In another session, Dan West, CDIO for health and care at the Department of Health in Northern Ireland, outlined how his organisation is deploying a single EPR system across acute care, mental health, community services and social care to “create a single, longitudinal data system to support the delivery in all those disciplines of care across all five trusts”.
West said the creation of the system was “our biggest investment” and will help drive more coordinated care across Northern Ireland. He added that an online portal will be created so that patients can access their own care records.
On top of the need to roll out EPR systems to achieve a base level of digital maturity within the NHS, skills were also cited throughout Digital Health Rewired 2022 as a major digital transformation issue.
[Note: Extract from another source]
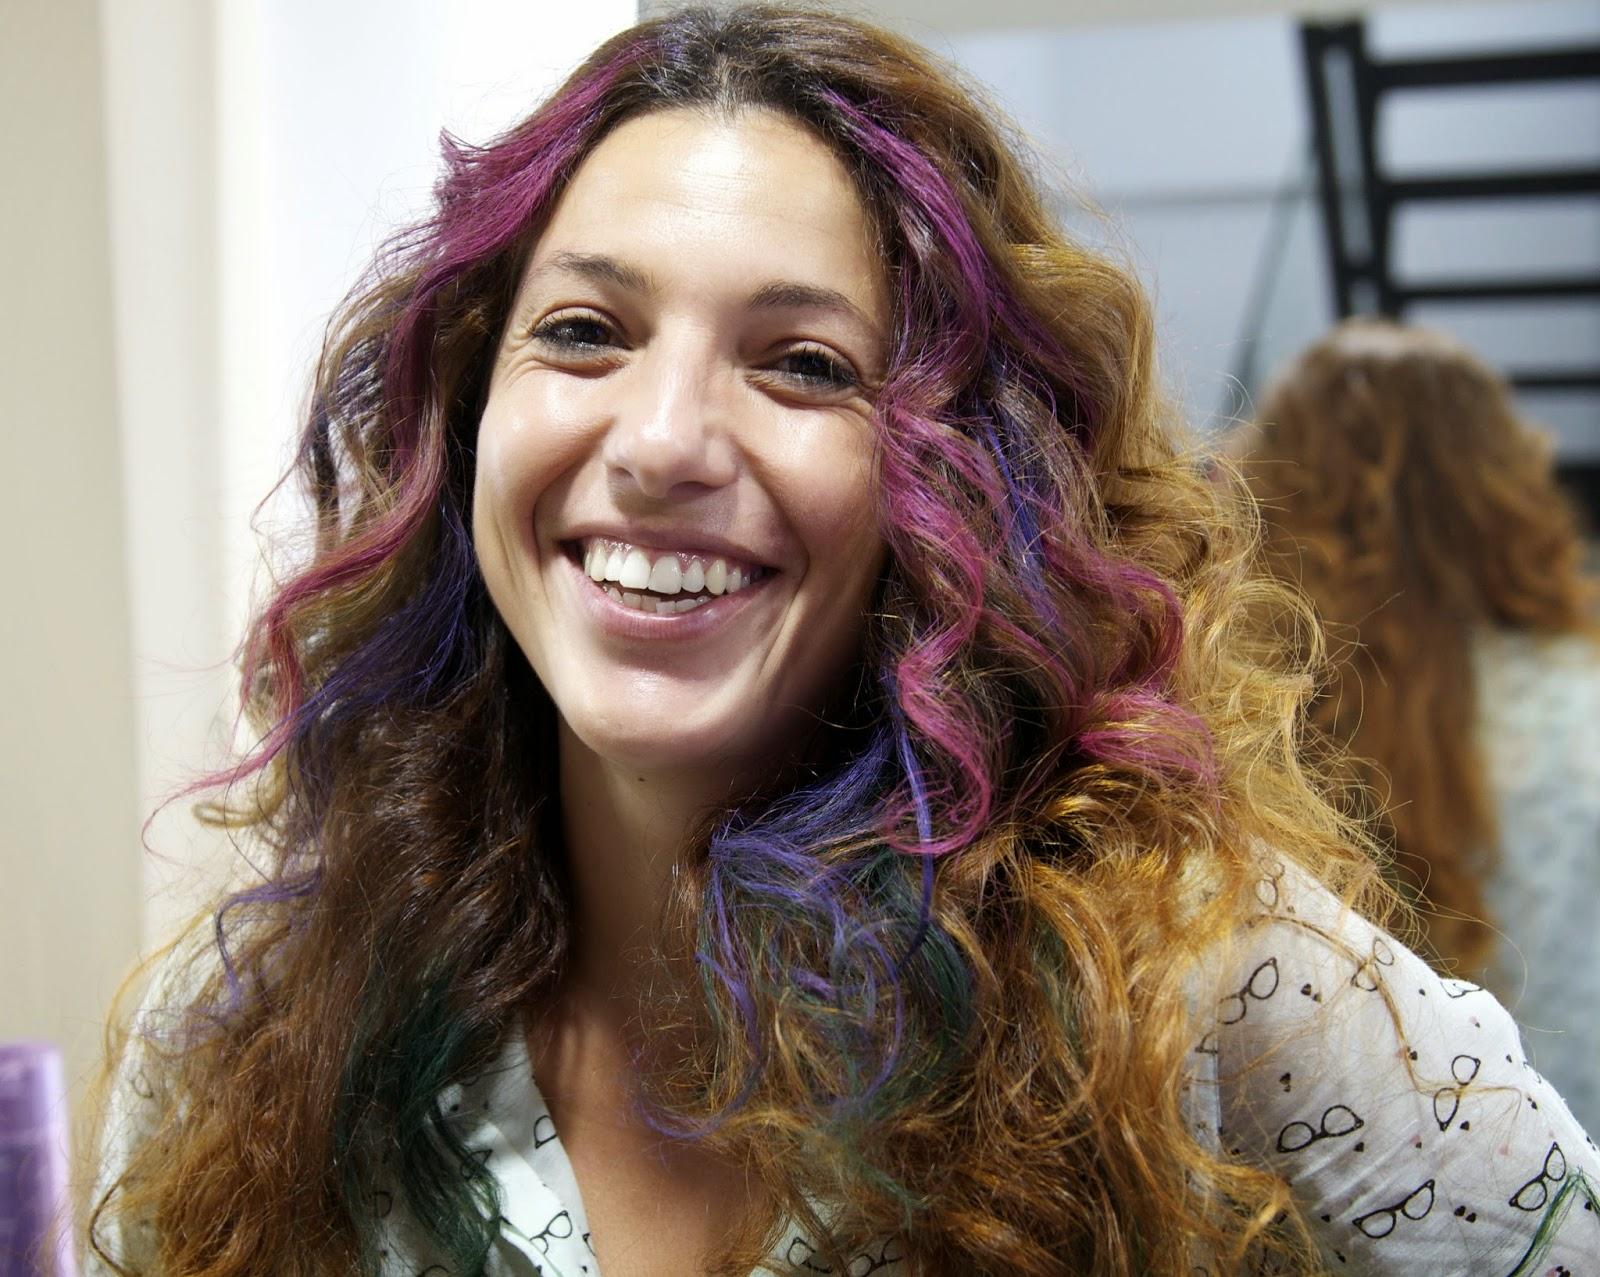 pelo de colores

NHS Digital’s Bolton, for example, said there were opportunities to work with the education sector to ensure digital skills were built into healthcare training in the same way that clinical skills are.
“Collectively, we are 10% of the UK economy – if we can’t fix the pipeline for digital skills in the UK, then nobody can,” he said, adding that the implementation of digital skills “needs to be planned, it needs to be deliberate, and we really need to focus on it”, with a particular emphasis on “cyber and analytics”.
Bolton said boosting digital skills would be a major priority for the NHS going forward.
Matthew Taylor, CEO of the NHS Confederation, also noted the importance of digital skills, pointing out that the introduction of new technologies is often not followed up with adequate training on how to use them effectively.
“Often what we do is we innovate, but we don’t provide the training to people, we don’t provide the professional development,” he said.
It is now 20 years since the NHS first launched a programme to roll out EPR. Known as the National Programme for IT, the project was scrapped in 2011 at a cost to taxpayers of close to £10bn.